[WHAT NEEDS TO BE DONE] Set the pictures aside and transcribe exactly the lines from the one containing "Five Slovak passports" through the final line of the records.

━━━━━ ENTRIES SUPPLIED ━━━━━

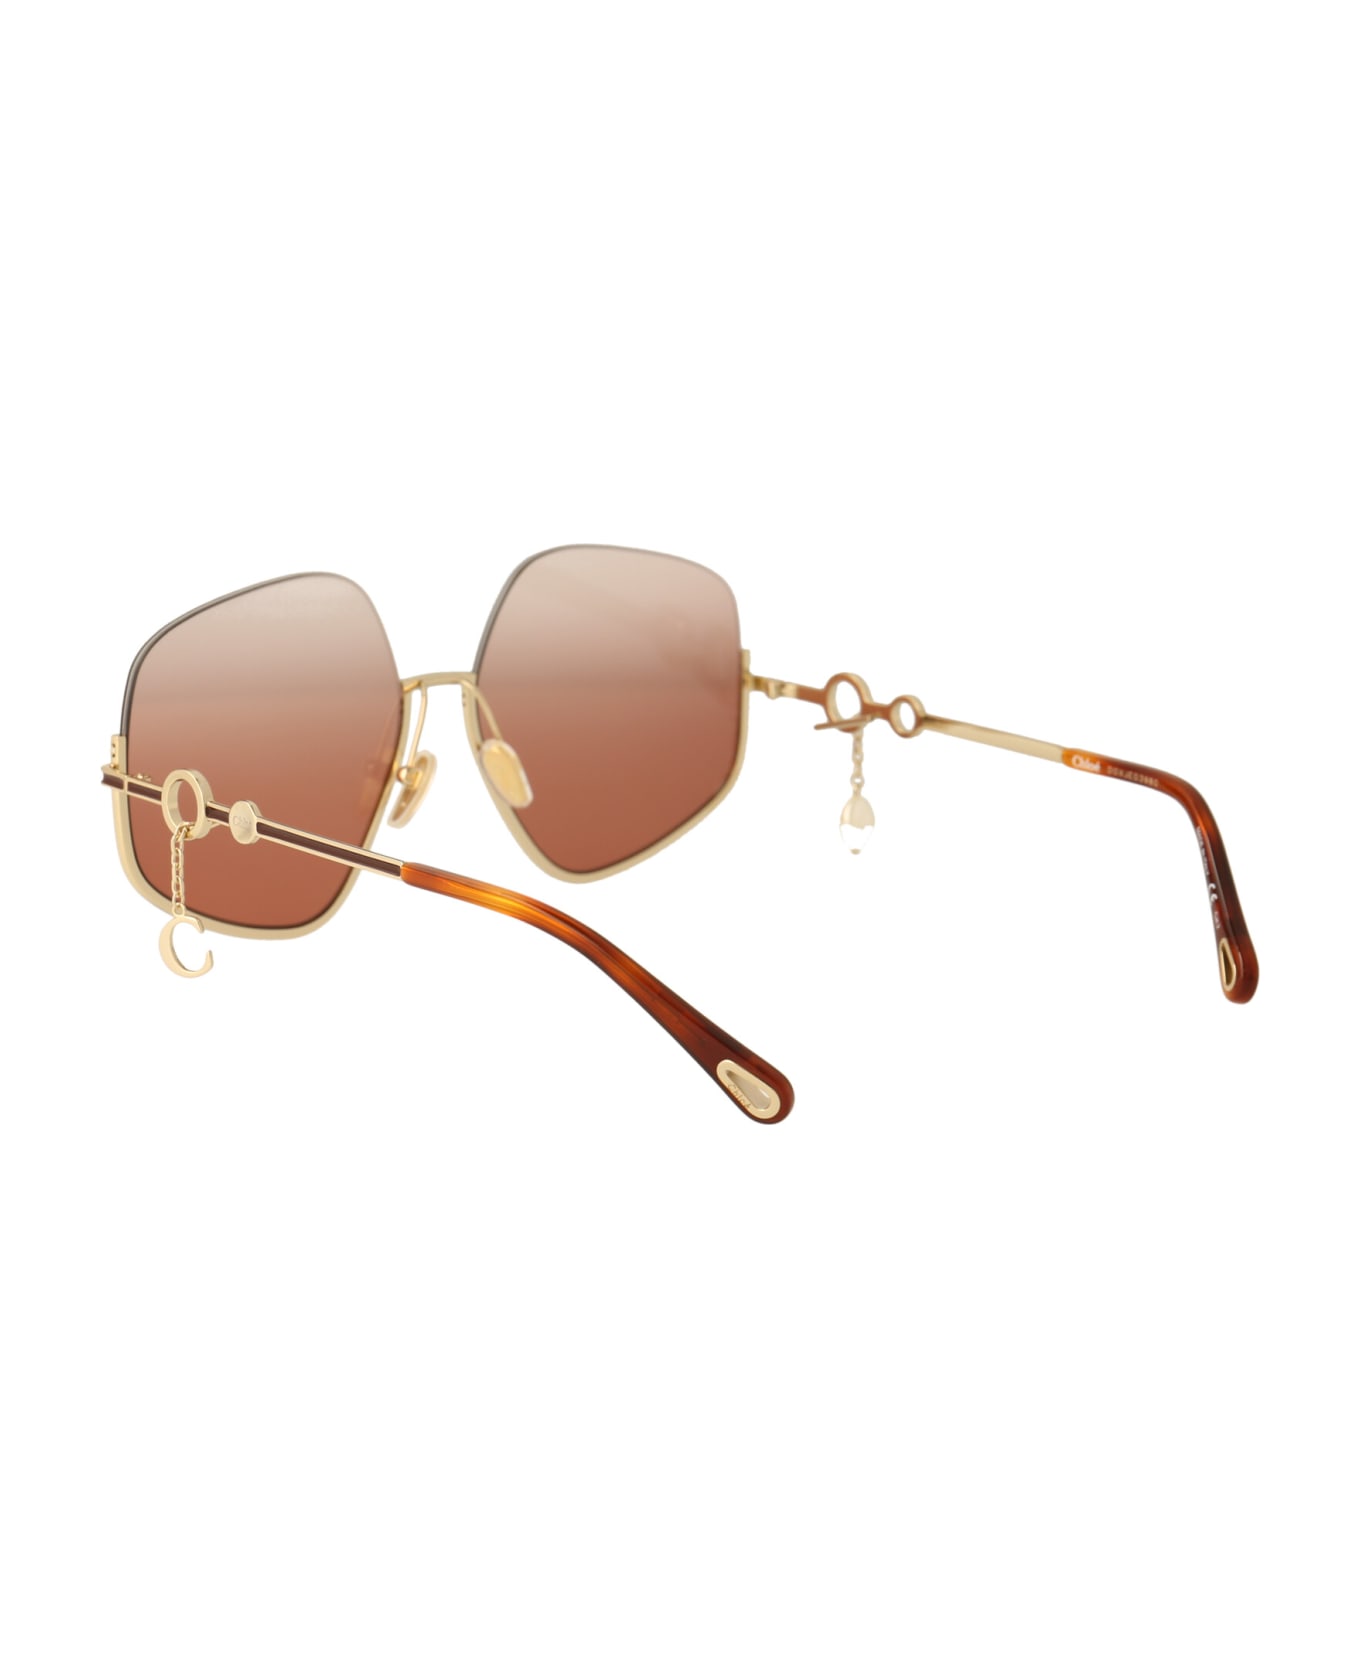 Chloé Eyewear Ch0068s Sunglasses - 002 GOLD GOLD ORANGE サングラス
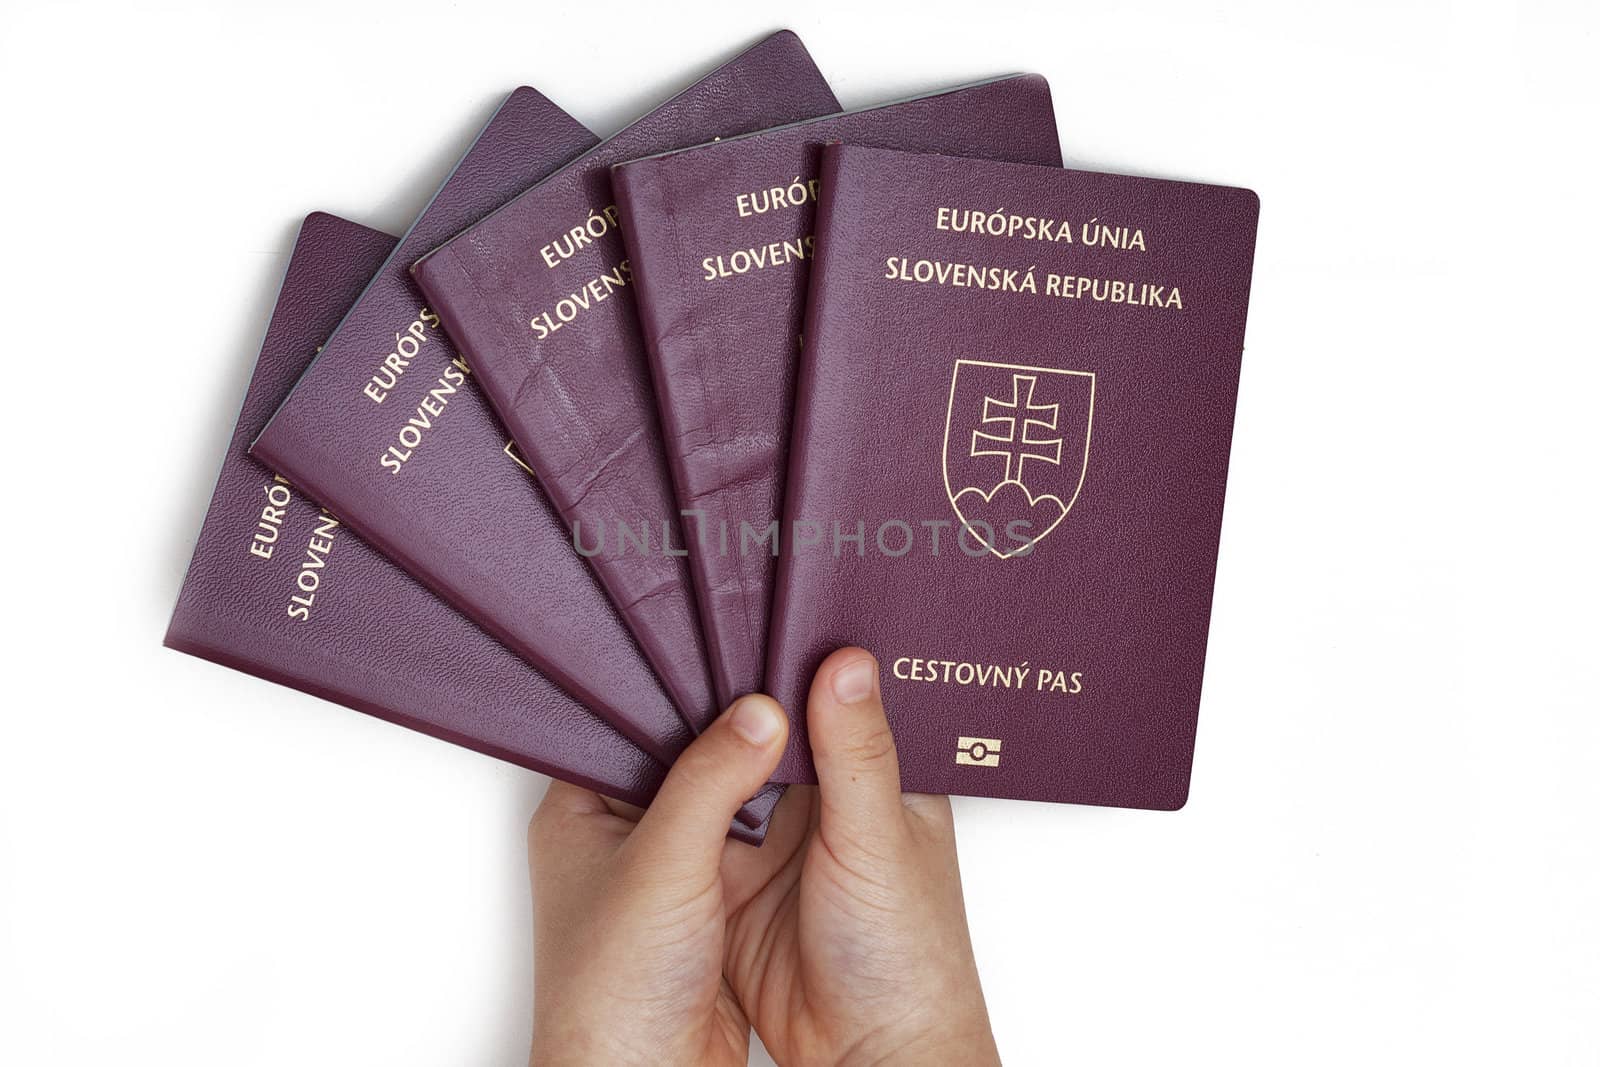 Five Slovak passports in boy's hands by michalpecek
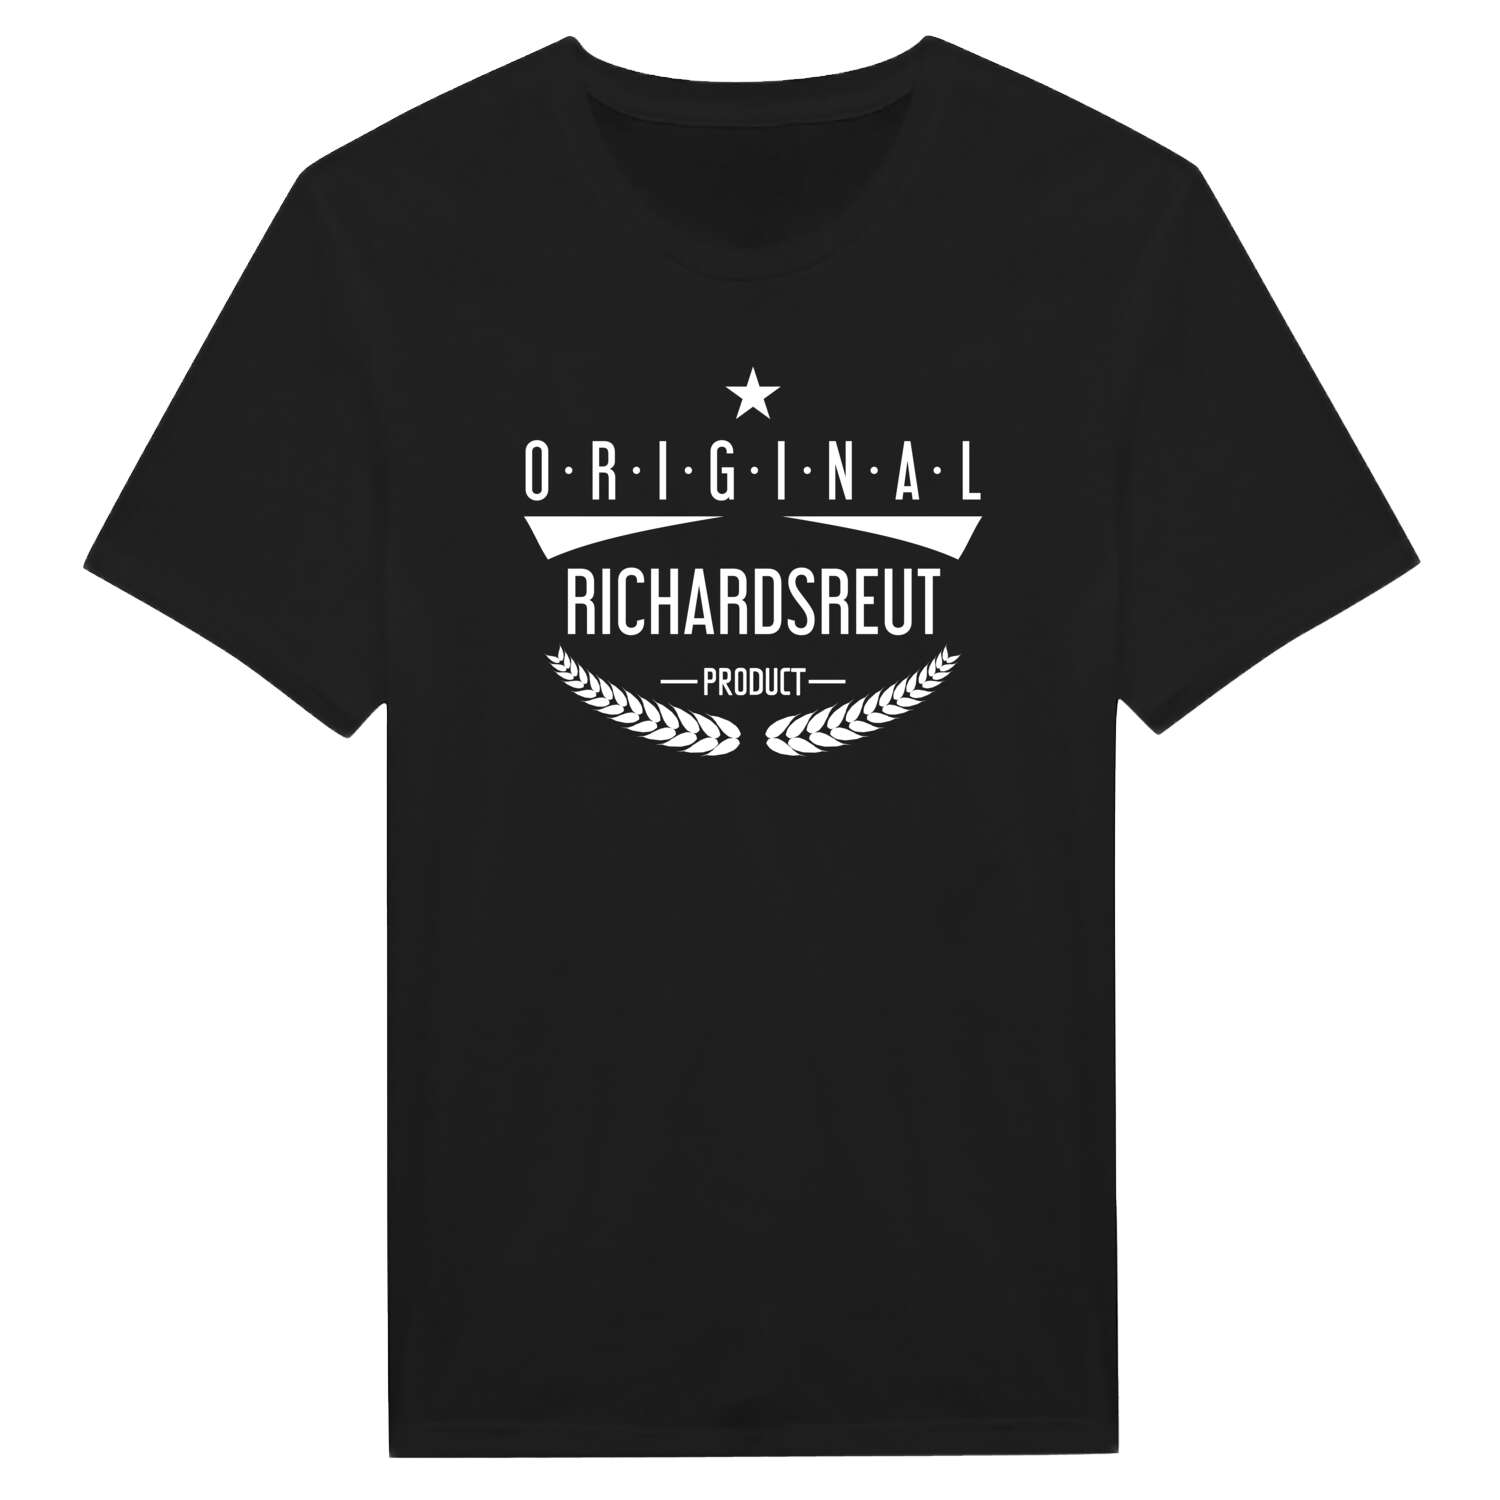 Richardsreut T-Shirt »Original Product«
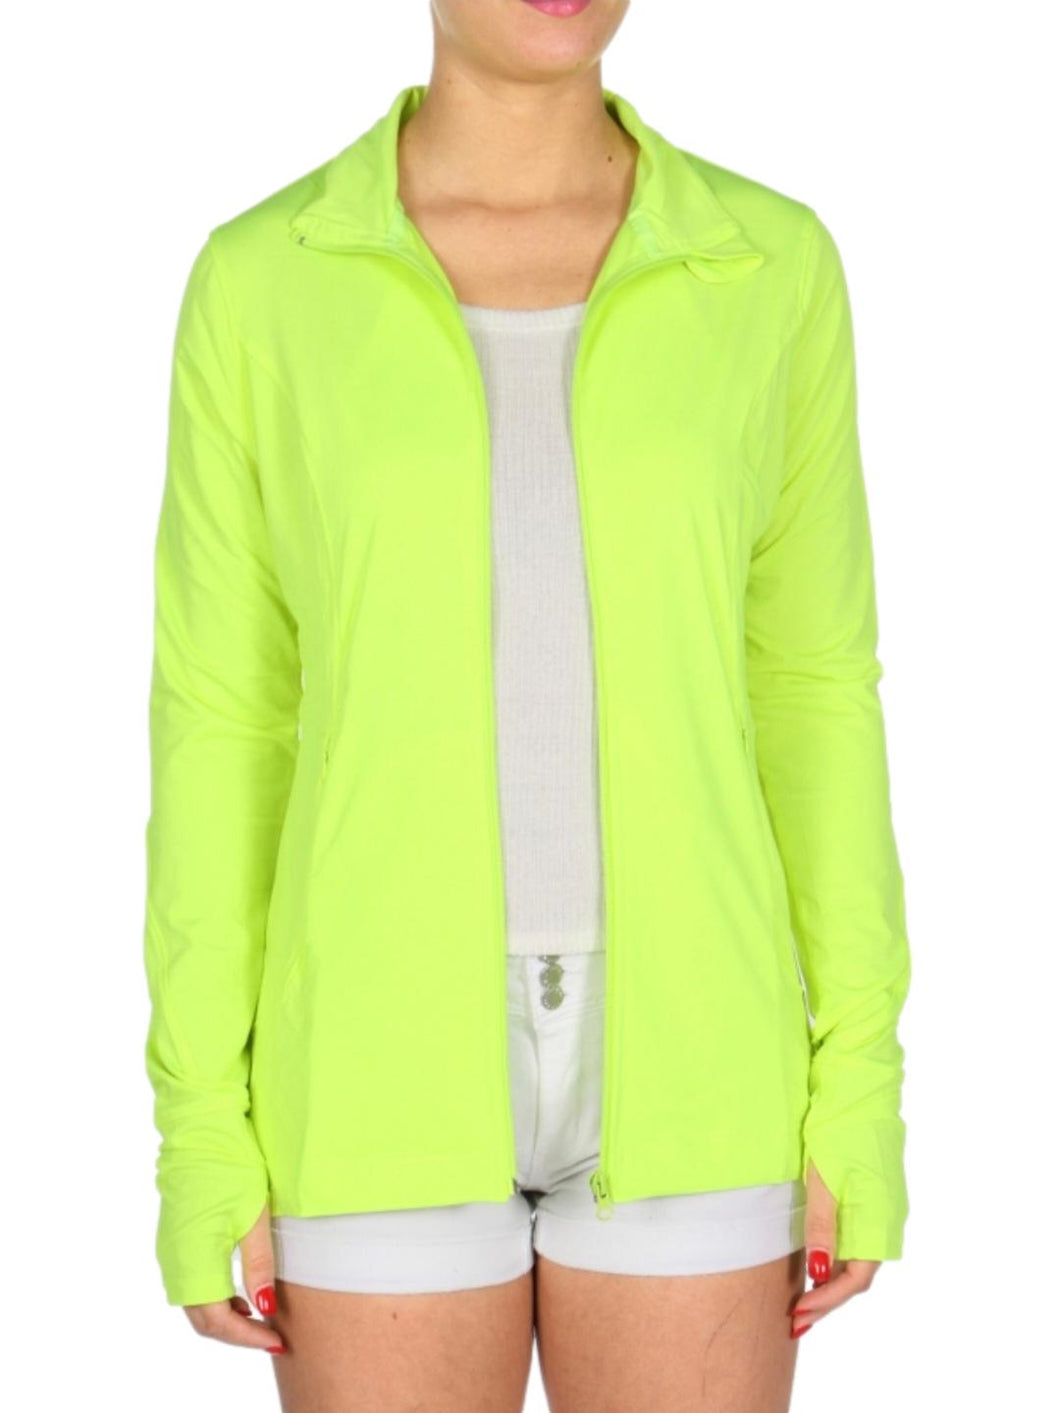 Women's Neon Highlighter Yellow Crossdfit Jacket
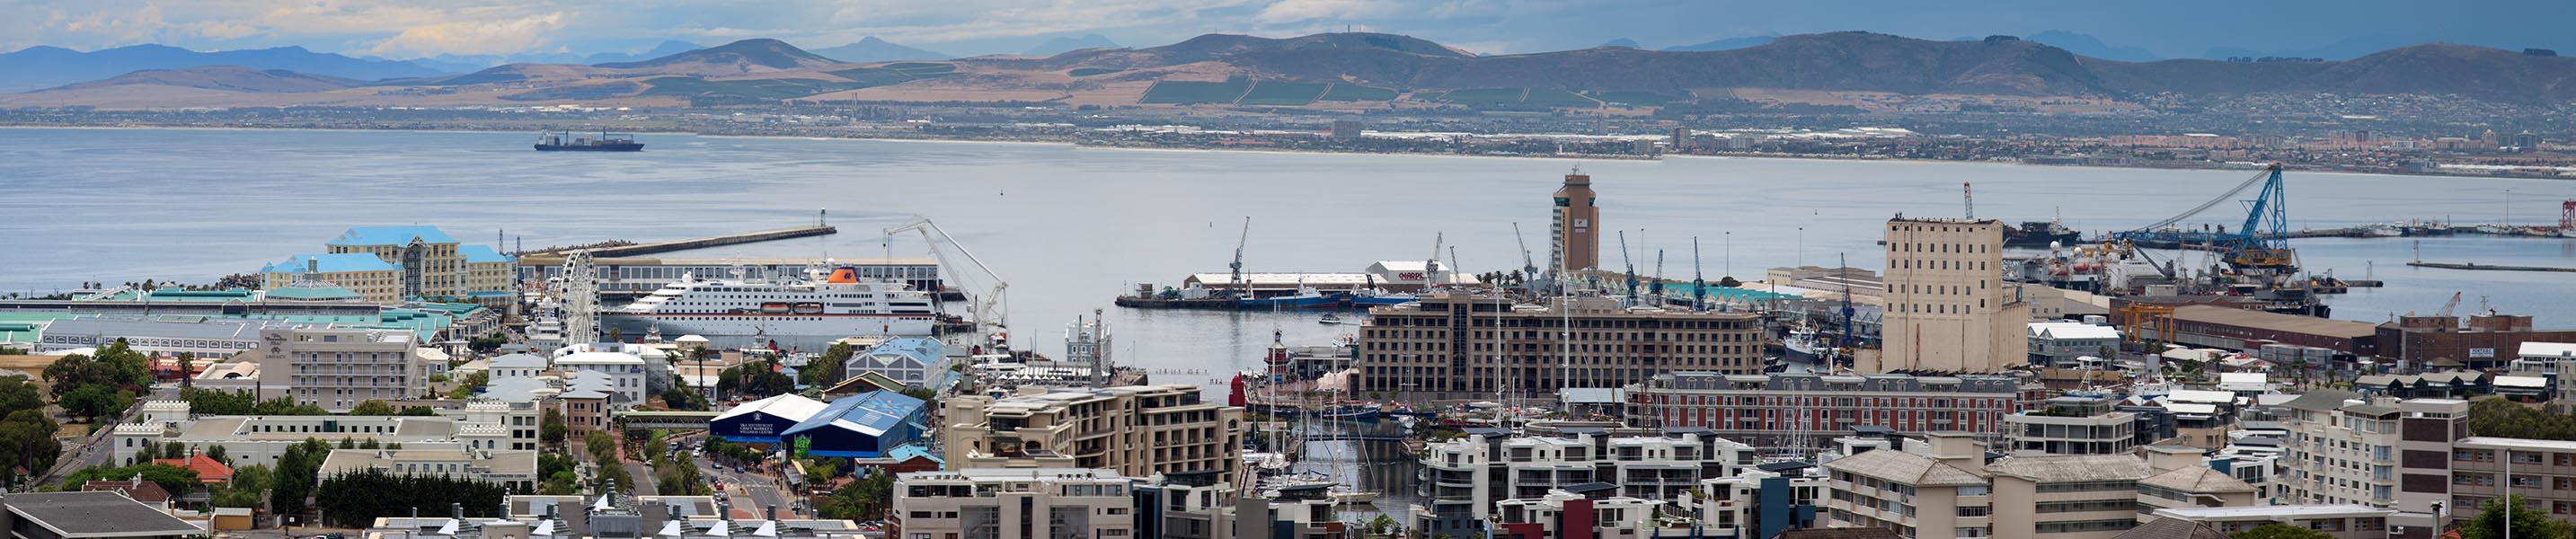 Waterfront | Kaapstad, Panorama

━━━━━

[TASK RESPONSE]
 Five Slovak passports in boy's hands by michalpecek
 Richardsreut T-Shirt »Original Product«
 Women's Neon Highlighter Yellow Crossdfit Jacket
 Waterfront | Kaapstad, Panorama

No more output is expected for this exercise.